Paired programming can be daunting to developers who have not done it before. The thought of some someone else looking over your shoulder whilst you work can be met with resistance. And yet the benefits of the transparency that paired programming brings are well documented.

B2B organisations display similar traits to the developer who is resistant to paired programming. They don’t want anyone looking over their shoulders until they are comfortable with what they are doing. And that includes customers. In my experience, the bigger the “B” and the smaller the “2B” the harder it is to gain access to the people we are developing the product for.

It’s not like this in the B2C world, where organisations understand the need to talk to their customers, to do market research, to test propositions. In the B2B world, organisations become far more protective. There is a fear that if we talk to our customers we will be making promises that we cannot keep. We will be building expectations that will inevitably be broken. In the B2C world you can show what you like to customers, if the final product bears no resemblance to the ideas we’ve tested in focus groups it doesn’t matter. The conversation with the customer is part of the process. We do not assume any “customer memory,” indeed the fact that we have explored different ideas and propositions with customers is seen as a positive; it can feature in the PR associated with the product release. If you release a product to market that looks nothing like what you’d explored in early focus groups it really doesn’t matter. You are selling to a segment that is bigger than a focus group of 12. But what if you customer base is small. What if there is a customer memory, that the people you test propositions with are the people we depend on selling to. The people who will keep us in business. In such a scenario it is understandable why you become protective of your ideas and fear saying anything to your customers until you are confident that you can deliver it. Trouble is, by that stage it may be too late. You are committed to a path of action that can be costly to change. What is required is some transparency and honesty; creating a dialogue as early as possible.

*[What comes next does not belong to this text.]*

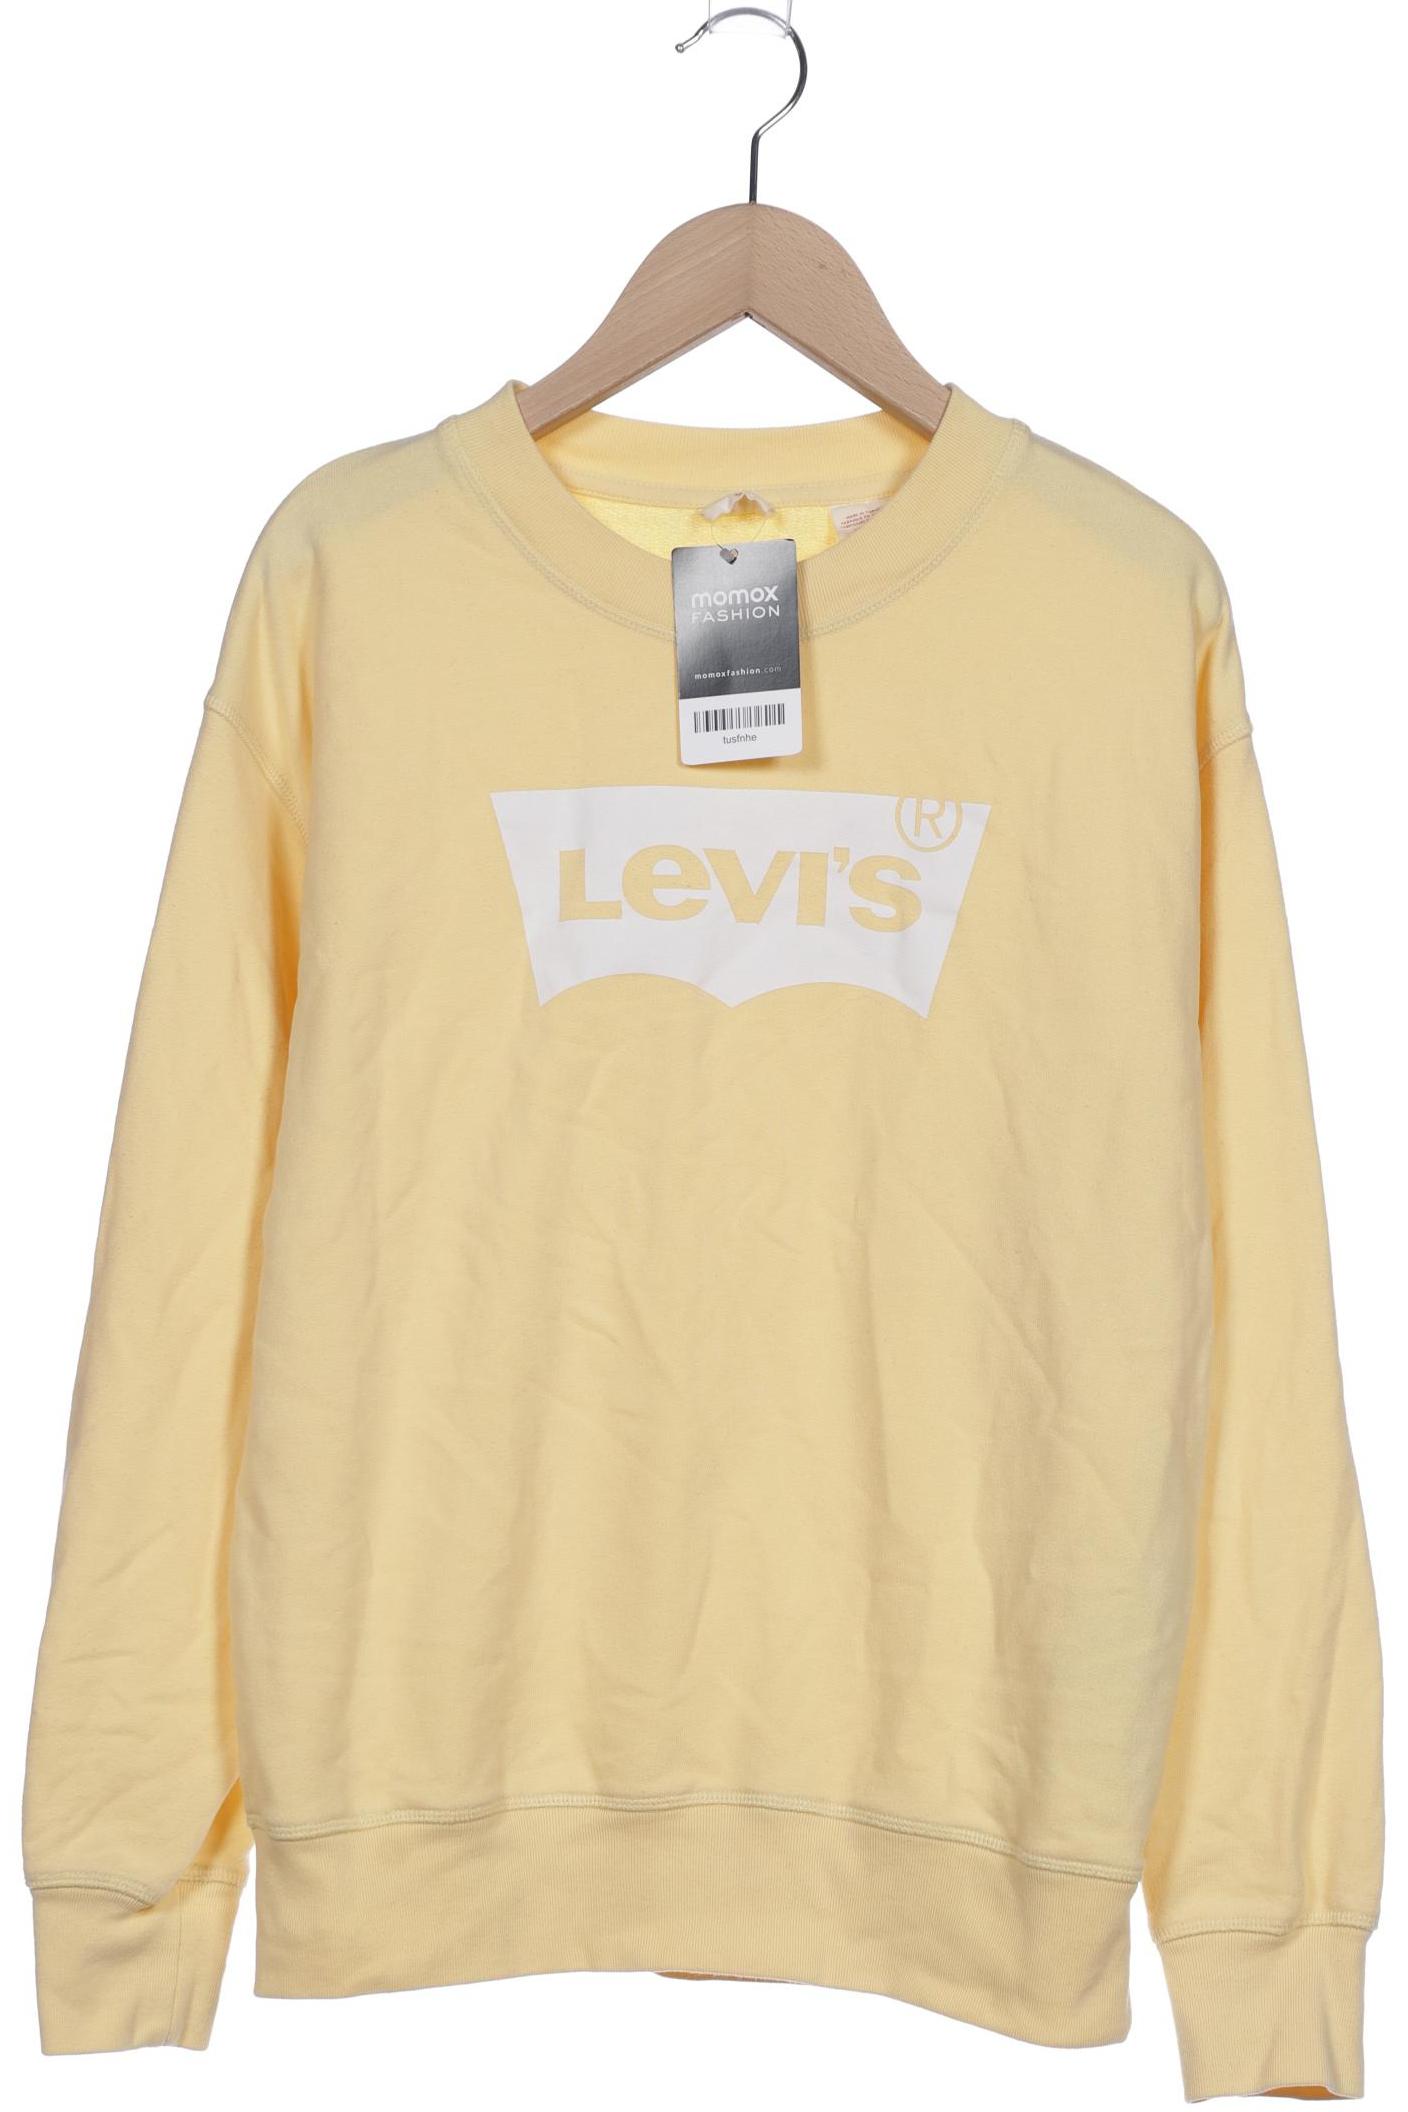 Levis Damen Sweatshirt, gelb, Gr. 34 von Levis

So here is the challenge for B2B organisations with a small, high value customer base. Open yourselves up. Be honest, open and transparent. Web 2.0 is all about collaboration and social networking. That shouldn’t just be about me sharing my photos on flickr, my videos on YouTube, my bookmarks on delicious. Product managers should be blogging about what is happening on the product they are developing for their customers. Customers should be commenting on the progress that is being made; they should have a direct channel to the development team, not via layers of corporate Chinese whispers. Here’s a challenge to the business in B2B organisations; get blogging. Stop fearing your customers and worrying about failing to meet what you perceive them to expect. Once you are transparent to your customers and proactively manage their expectations you can venture on a more successful and profitable journey as partners, not as adversaries.